The search form at the top of GenealogyBank’s home page lets you search all of its collections at once. Scroll down to select a specific collection. Historical Documents include the American State Papers and the US Serial Set (both of which you also can search for free on the Library of Congress’s American Memory site). Historical Books is a small collection, made up mostly of funeral sermons and vintage advertisements. The Social Security Death Index covers primarily deaths from 1962 to the present and is available on other sites for free, such as FamilySearch.org

 
Newspapers are GenealogyBank’s big draw. It has two collections: Newspaper Archives 1690-2010 and Recent Newspaper Obituaries 1977-Today. You can search them separately or cover both of them with the search form on the home page. Click on Newspaper Titles to browse the list of available newspapers and, optionally, to search a specific title of all the papers from a particular state. A search of the Newspaper Archives covers African-American and Irish-American newspapers, but the newspaper search pages have links to search those collections separately.
 
Follow these steps to find articles mentioning your ancestors:
 
1. Start with a name. You might search on just a last name if it’s unusual, or add a first name to narrow search results for a common surname. You’ll get a match whenever the terms you enter in the Last Name and First Name boxes appear within two words of each other in an article. This proximity search finds the names whether or not they’re separated by a middle name or middle initial. To see the results, click the Search Now button and select a collection (if you have matches in more than one).
 
Also try searching for a person’s name as a phrase surrounded by quotation marks in the Include Keywords search box. Optionally, add a range of years, such as 1880 to 1910 or July 1880 to January 1910. Or select Date and enter a year, such as 1880, or a specific date, such as July 4, 1880.
 
2. Refine search results if you get too many matches. You might add a middle name or a middle initial. John H. Pennington was also known as J. H. Pennington. The search form ignores periods. To search on more than one variation of a name at a time, separate them by OR.

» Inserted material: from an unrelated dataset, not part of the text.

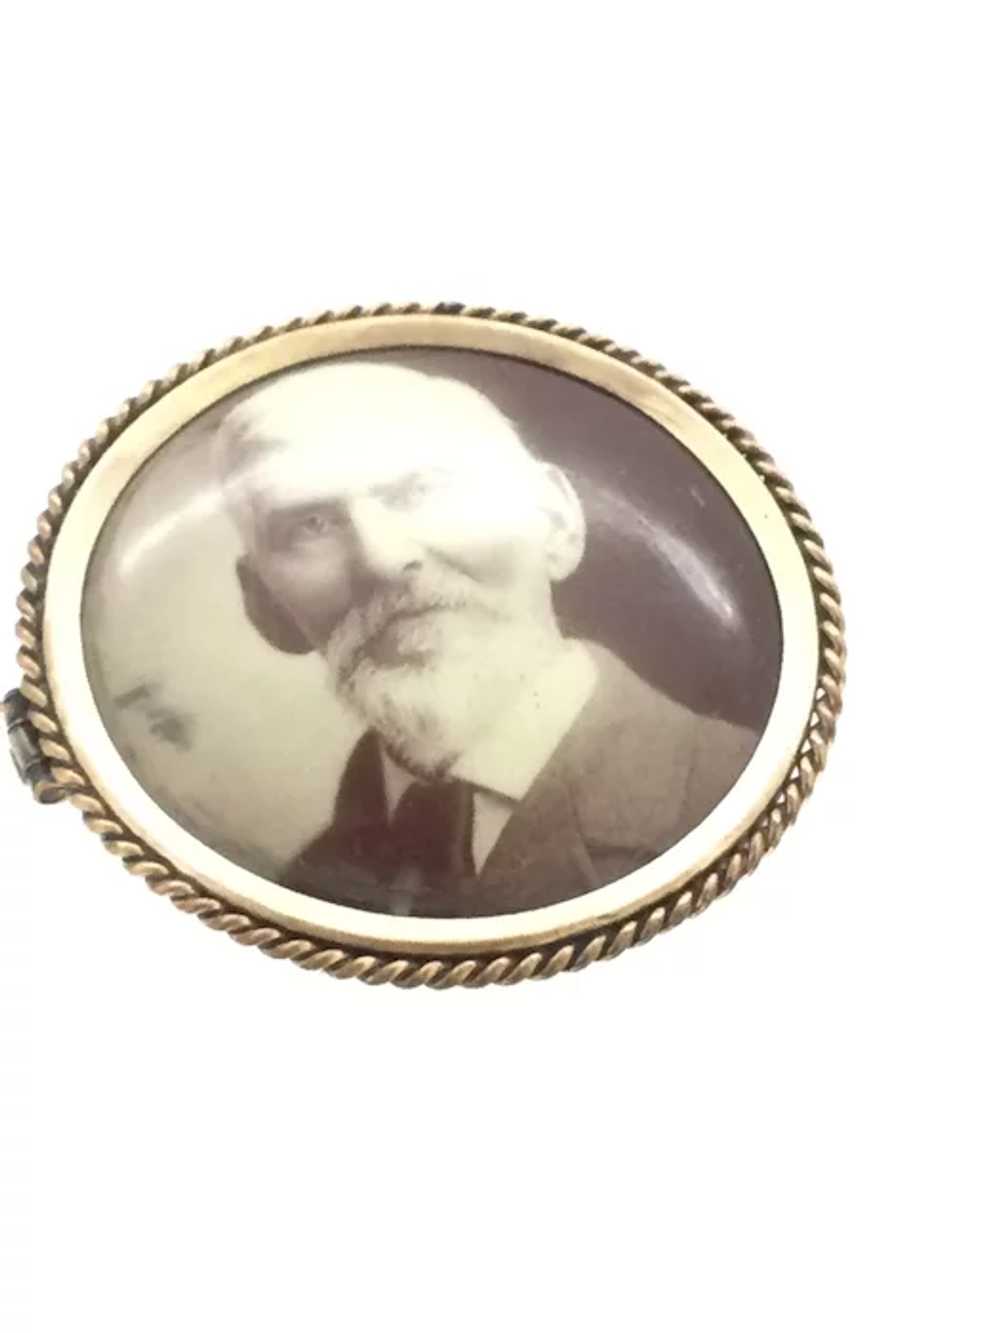 Edwardian Miniature Photograph Brooch Pin - image 3

3. Add keywords to focus your search on the most relevant matches. Think of a term closely associated with your target person, such as an occupation, place name or spouse’s name. Use quotation marks to find exact phrases. John H. Pennington was involved in building railroads in Latin America, and you can find articles about him by searching on his last name plus his employer name, “South American Transportation” (use quotation marks to find the exact phrase), and places where he lived, such as Bogota, Colombia and “South America.” In addition to his business exploits, his scandalous personal life made the headlines, too. Searching on his last name plus bigamy OR divorce turns up several articles detailing a series of marriages and an affair with a married woman.

4. Browse the matches. By default, the most relevant matches are listed first. You can also sort them by date of publication starting with the earliest or most recent one. In the list of matches, click on a title or a newspaper preview image to view the whole article.

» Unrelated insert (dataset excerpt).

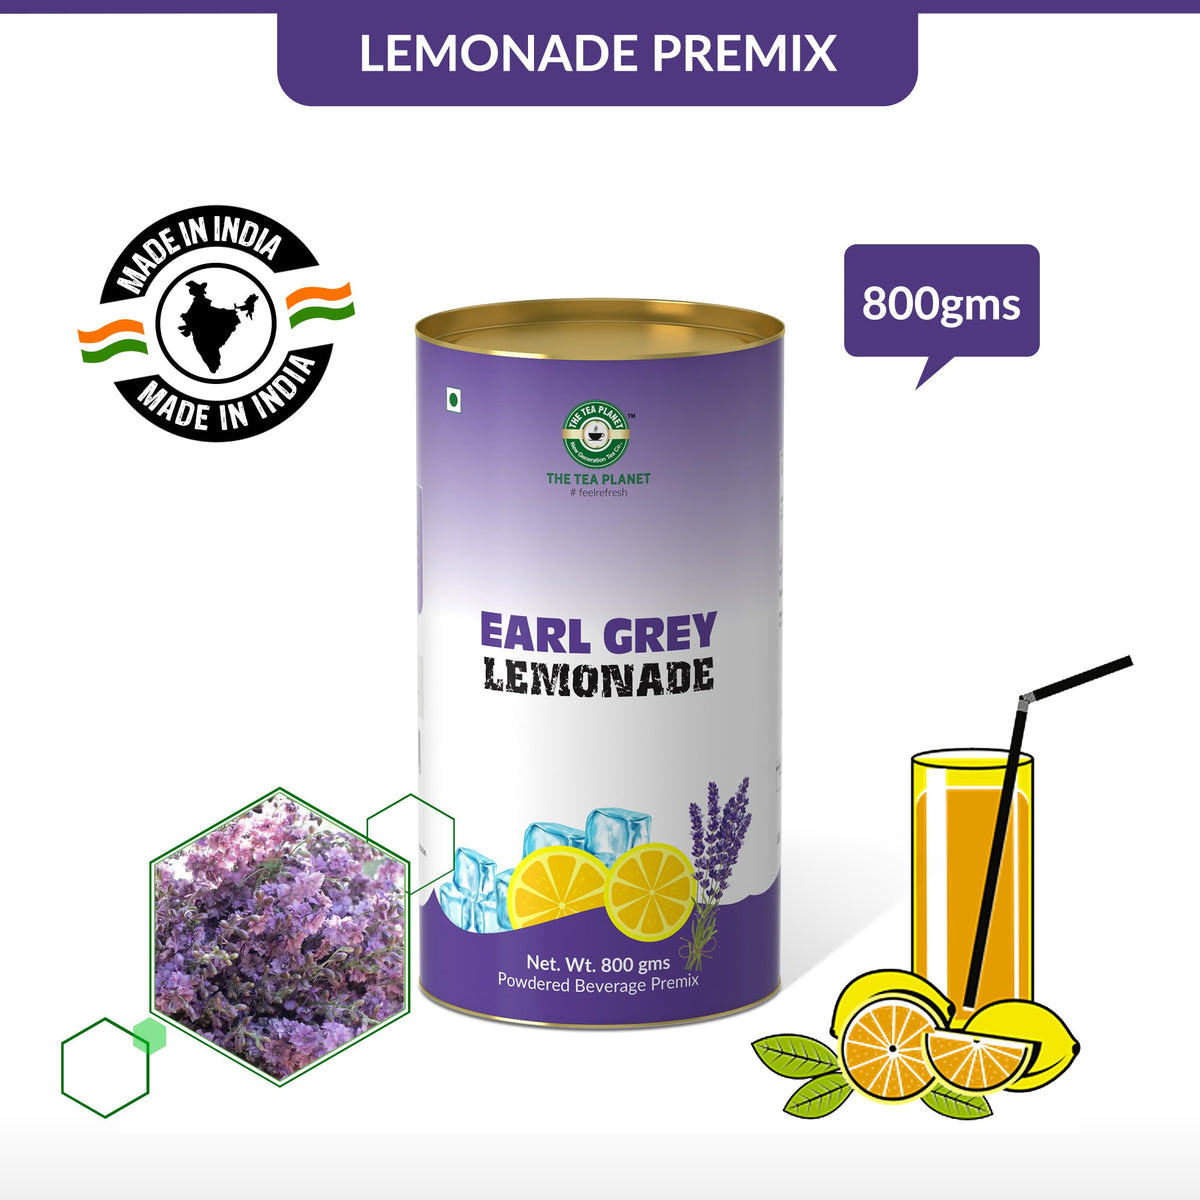 Earl Grey Lemonade Premix

5. View the article. Your search terms are highlighted. Click the Highlights box to turn highlighting on or off. To search for a word in the article, enter it in the box and click the Find button. Several buttons appear above the newspaper image on the right. Use the first ones to zoom in and out. Click on the newspaper page icon to view the whole page and select an article. Click on the crosshairs icon to reset the image view to the original zoom level. The last icon toggles between Maximize and Minimize Image View. When the image is minimized, you can select links to view the whole newspaper page or jump to another page in the issue.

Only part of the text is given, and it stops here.